Sen. Ben Nelson (D) poked fun at Rep. Jeff Fortenberry (R) and his fondness for dense charts by crunching a few numbers of his own during the weekly constituent breakfast. According to staffers present, Fortenberry had just wrapped up a mini-lecture on federal spending (the group of 4-H students from Cherry County, Neb., were no doubt already riveted), when Nelson announced he had another chart to show the crowd.
He then displayed his graphic, which depicted the “Follicle Distribution of the Nebraska Delegation.” According to the illustration, Nelson has the biggest share of anyone in the five-man group, 30 percent, followed closely by the thick-tressed Fortenberry, at 25 percent, and the not-too-threadbare Republican Sen. Chuck Hagel and Rep. Lee Terry (R) — who each represent 20 percent of the follicle count.
Poor freshman Republican Rep. Adrian Smith, though, accounted for only a paltry 5 percent of the delegation’s combined locks.
“Like Fortenberry’s charts, mine shows that there are deficits in some areas and surpluses in some areas,” Nelson informed the giggling crowd. “I’ll leave it to you to figure out where the deficits and surpluses are.” He then introduced Smith, saying he would have the chance to “explain his share of the follicle wealth.”
Smith told the breakfast group he wasn’t sure what the study was based on, to which Fortenberry shouted, “Self-evident!” Smith then bemoaned having colleagues in “the hair club” — referring to the lush-locked trio of Terry, Nelson and Fortenberry.
When Nelson later got up to close the breakfast, he said he thought the group had been pretty nice to Smith, considering he’s the newcomer to the delegation, but that morning was Smith’s “baptism.”
Pen Pals. Steven Griles may be facing jail time for his role in helping disgraced lobbyist Jack Abramoff, but at least he’s got a few friends speaking up on his behalf. Among the letters submitted to the judge overseeing the former Interior Department official’s case seeking a lenient sentencing are votes of confidence from Rep. Barbara Cubin (R-Wyo.); former Rep. Butch Otter (R-Idaho), who’s now governor of the Gem State; Griles’ old boss, former Interior Secretary Gale Norton; and aspiring Sen. Tom Sansonetti (R), the ex-Justice Department attorney seeking the seat of the late Sen. Craig Thomas (R-Wyo.), according to court documents.
Sansonetti tells of a decades-long friendship that began when the two men served in the Reagan administration. He says it was he who introduced Griles and Norton when he was the head of the Bush-Cheney transition team. Cubin calls him “a good friend and a trusted resource” and asks for a community service sentence for Griles.

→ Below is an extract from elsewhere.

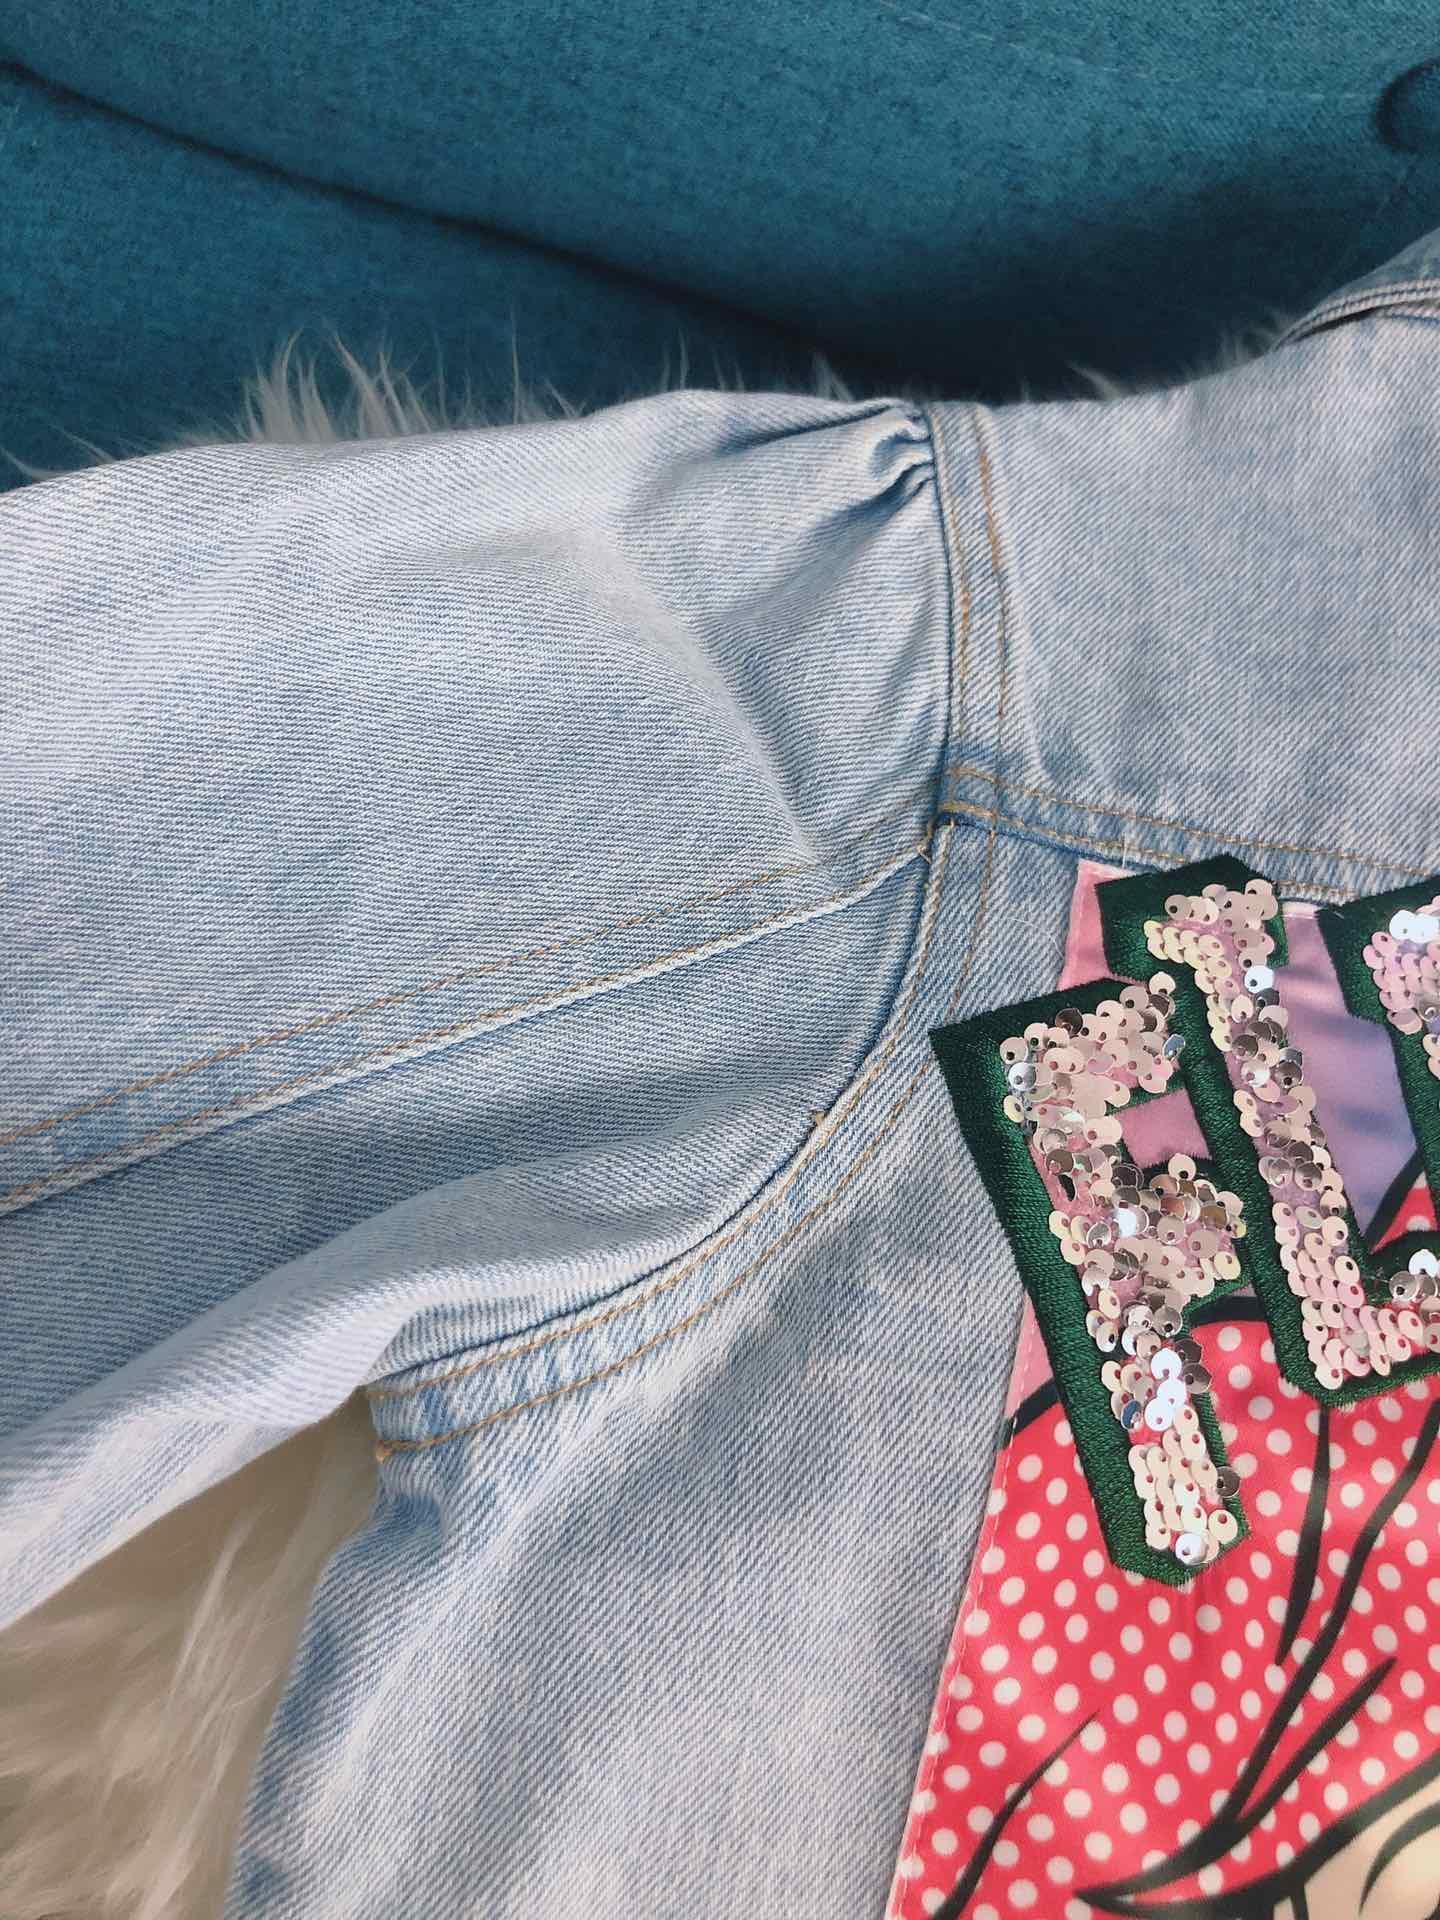 Giacca di jeans Ragazza Nuova moda Icone classiche di cartone animato Risvolto di stile Bambini lunghi Primavera Autunno Ricamo fiore cappotto caldo bambini
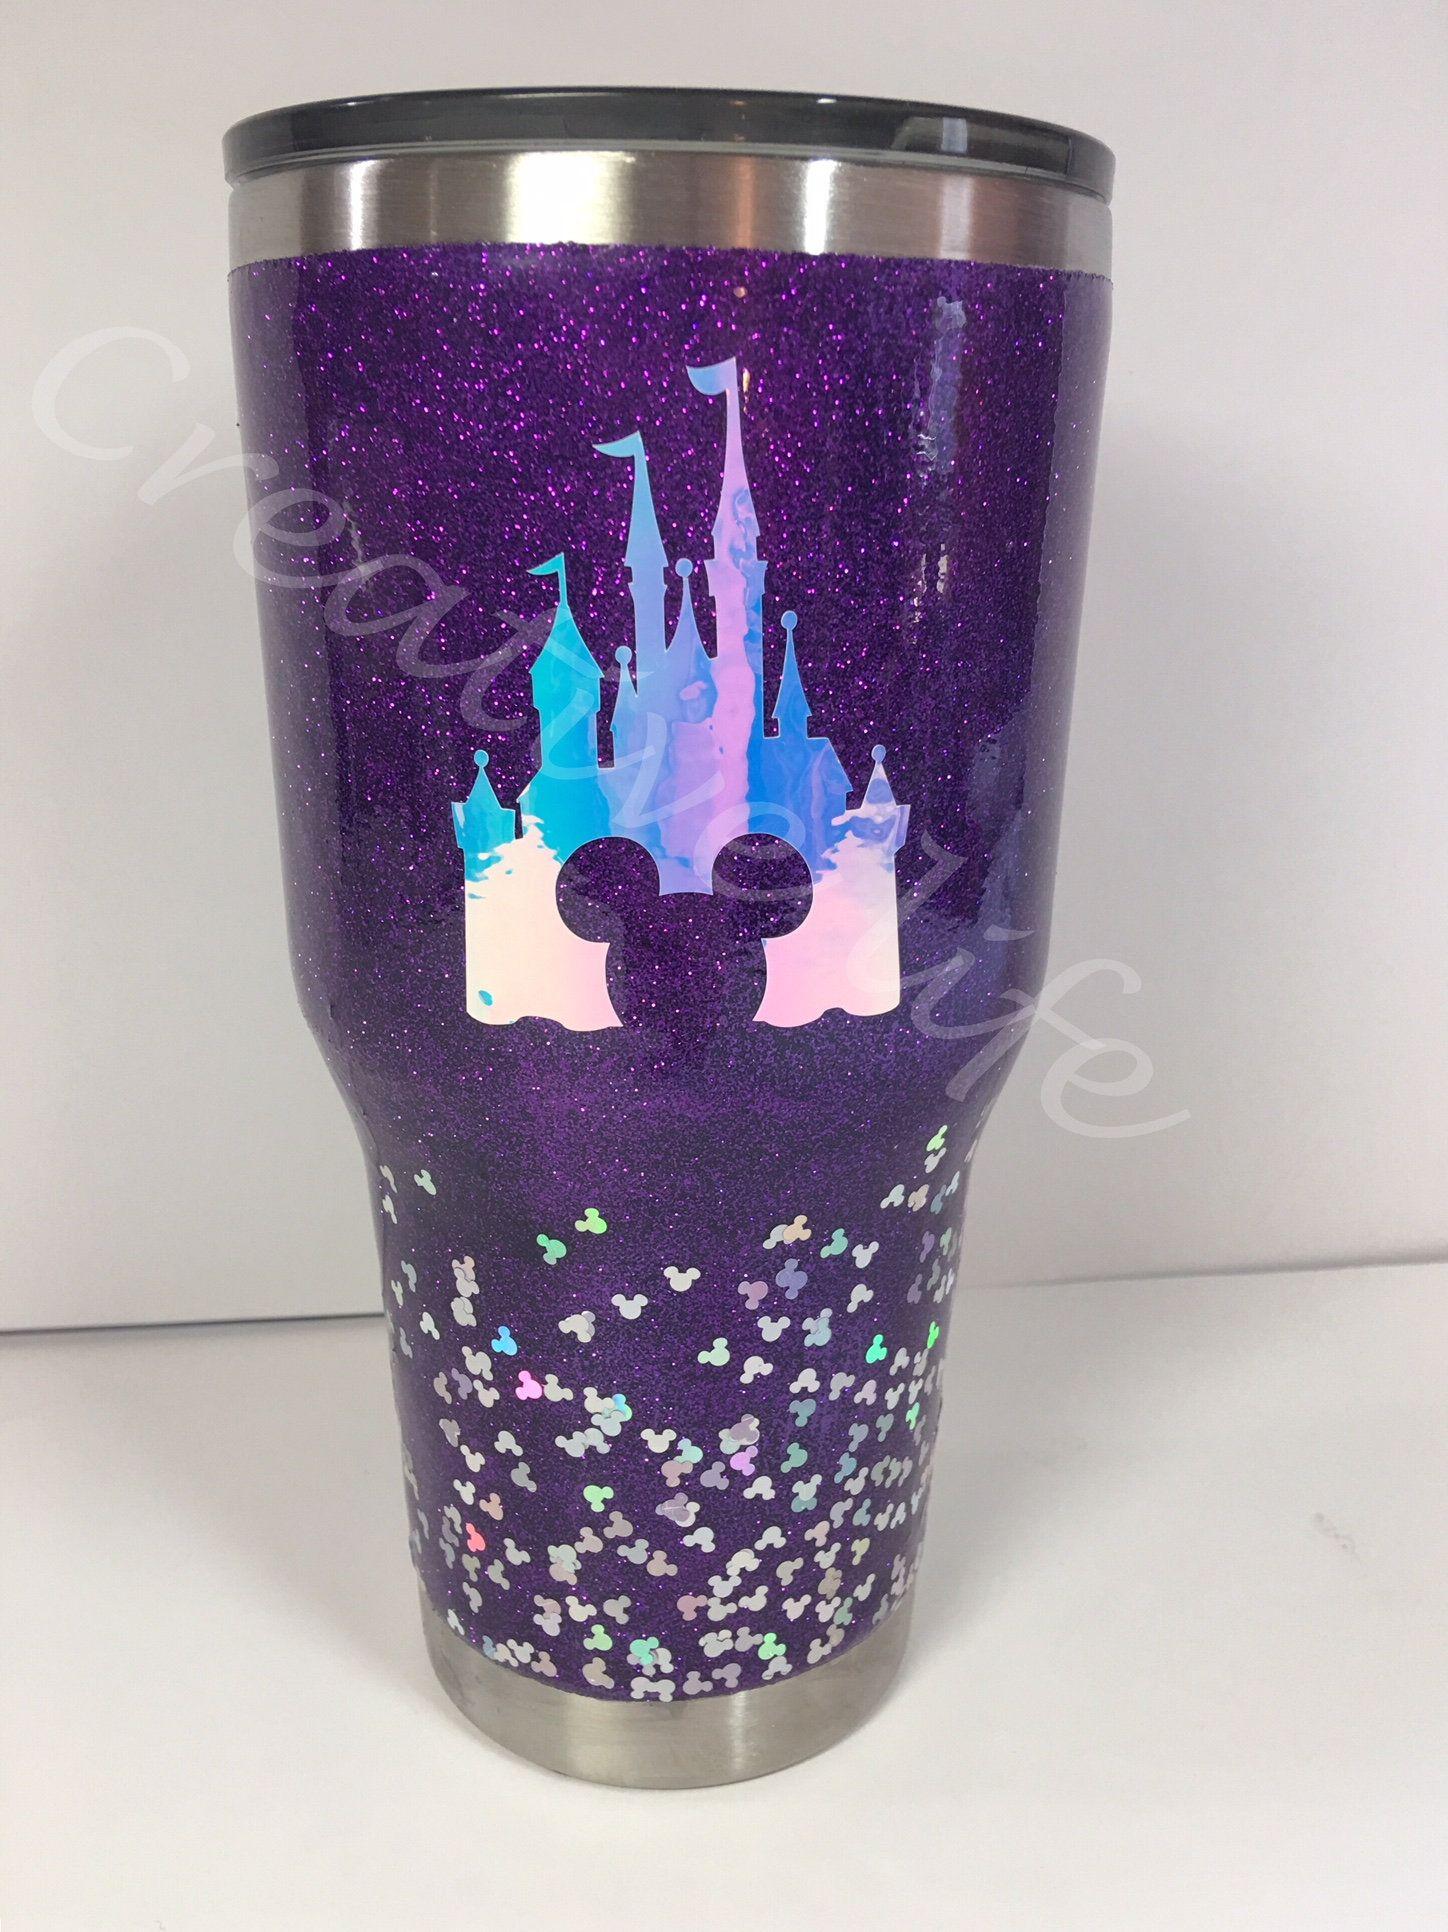 097b69821d4 Disney Tumbler Glittered/ Stainless Steel Tumbler/Glittered tumbler/ Two  toned Glittered Ombre tumbler/Disney glittered tumbler, Disney cup by ...

Norton, too, has kind words for her former deputy. “The reality of Steven Griles is in many ways different from the public perception,” she said in the letter, praising their working relationship. “Many men would have had difficulty working with a woman as a superior, particularly someone he had once outranked.”
Since they clearly like writing letters, maybe the Griles-backers will be his pen pals if he does end up inside.